By masher2 (blog) on 8/1/2006 2:52:24 PM , Rating: 2
> "That's right, I forgot, global warming isn't real"

Global warming is real. What's not real is the belief that its an impending crisis caused by humanity.

It's not clear how much of the warming, if any, is due to human activity, nor how long the warming will continue, nor whether or not the overall effect will be beneficial or harmful. The earth warms and cools constantly...its been much hotter and much cooler than now in the past, and will be so in the future. With or without our help.



RE: .
By ceefka on 8/2/2006 7:23:16 AM , Rating: 2
Recently global dimming is also becoming an issue.

This definately has to do with burning fuels. It means less of the sunlight is getting through because particles stay in the atmosphere, in the cloulds. They act like a giant filter.

While oil reserves may be bigger than they used to be, that isn't a good thing, really.
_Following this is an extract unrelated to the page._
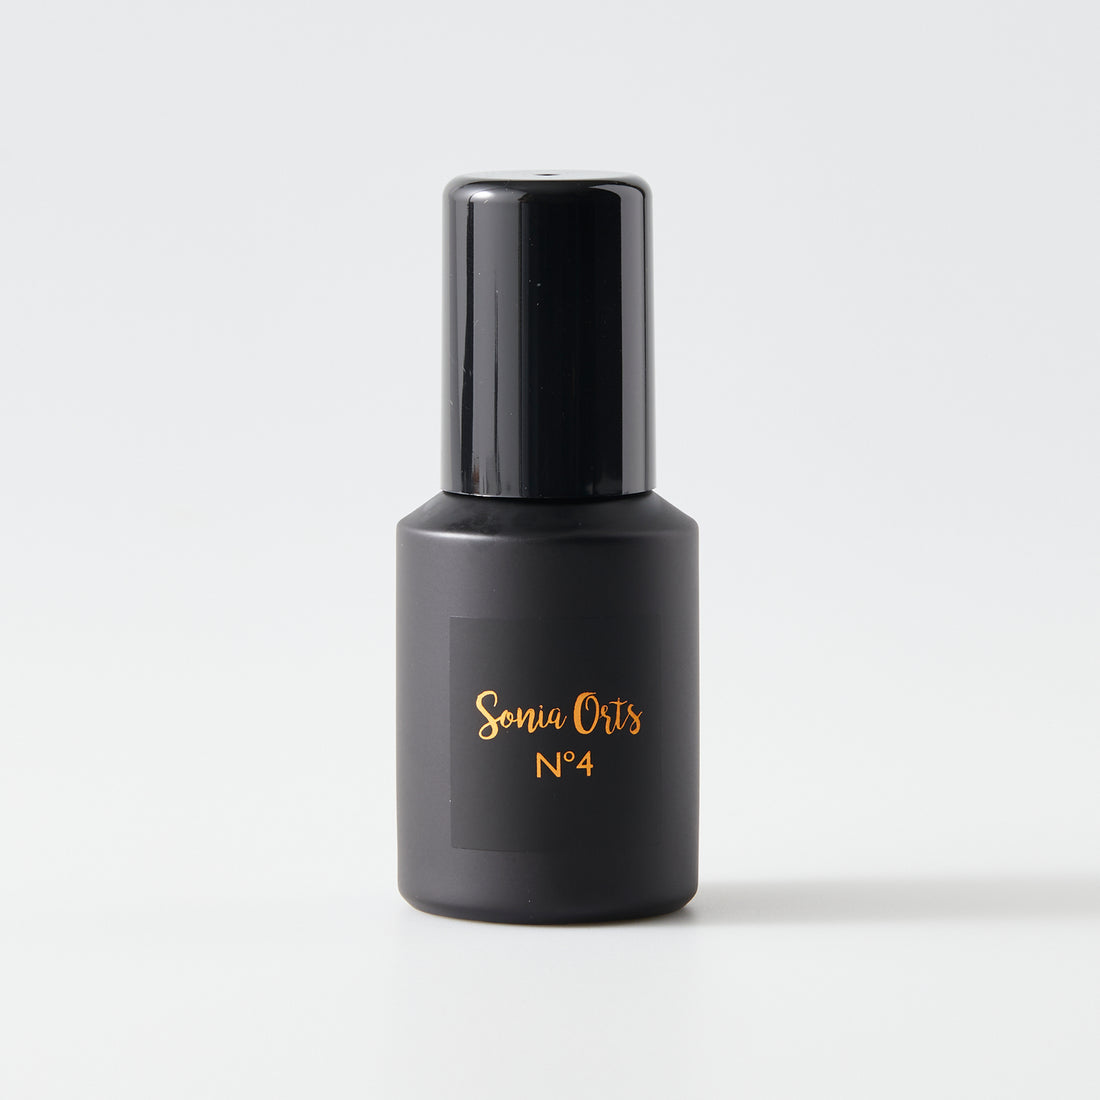 Sonia Orts No 4 natural perfume

I'd be happier if they were smaller, so that we'd all be forced to use it wisely and think about alternative, read more enviromental friendly, energy.


RE: .
By masher2 (blog) on 8/2/2006 7:53:25 AM , Rating: 2
> "Recently global dimming is also becoming an issue. "

Oops, the most recent research has shown just the opposite-- that the "dimming trend" first observed has since reversed:

quote:
Newly available surface observations from 1990 to the present, primarily from the Northern Hemisphere, show that the dimming did not persist into the 1990s. Instead, a widespread brightening has been observed since the late 1980s...


http://www.sciencemag.org/cgi/content/abstract/308...

> "I'd be happier if [oil reserves] were smaller...

As would most rabid eco-guerillas. However, cheap abundant energy is the single most critical factor affecting standard of living. I realize many environmentalists would be happier with us living in a stone-age culture (or so they think, at least), but the rest of us prefer progress forward, not backwards.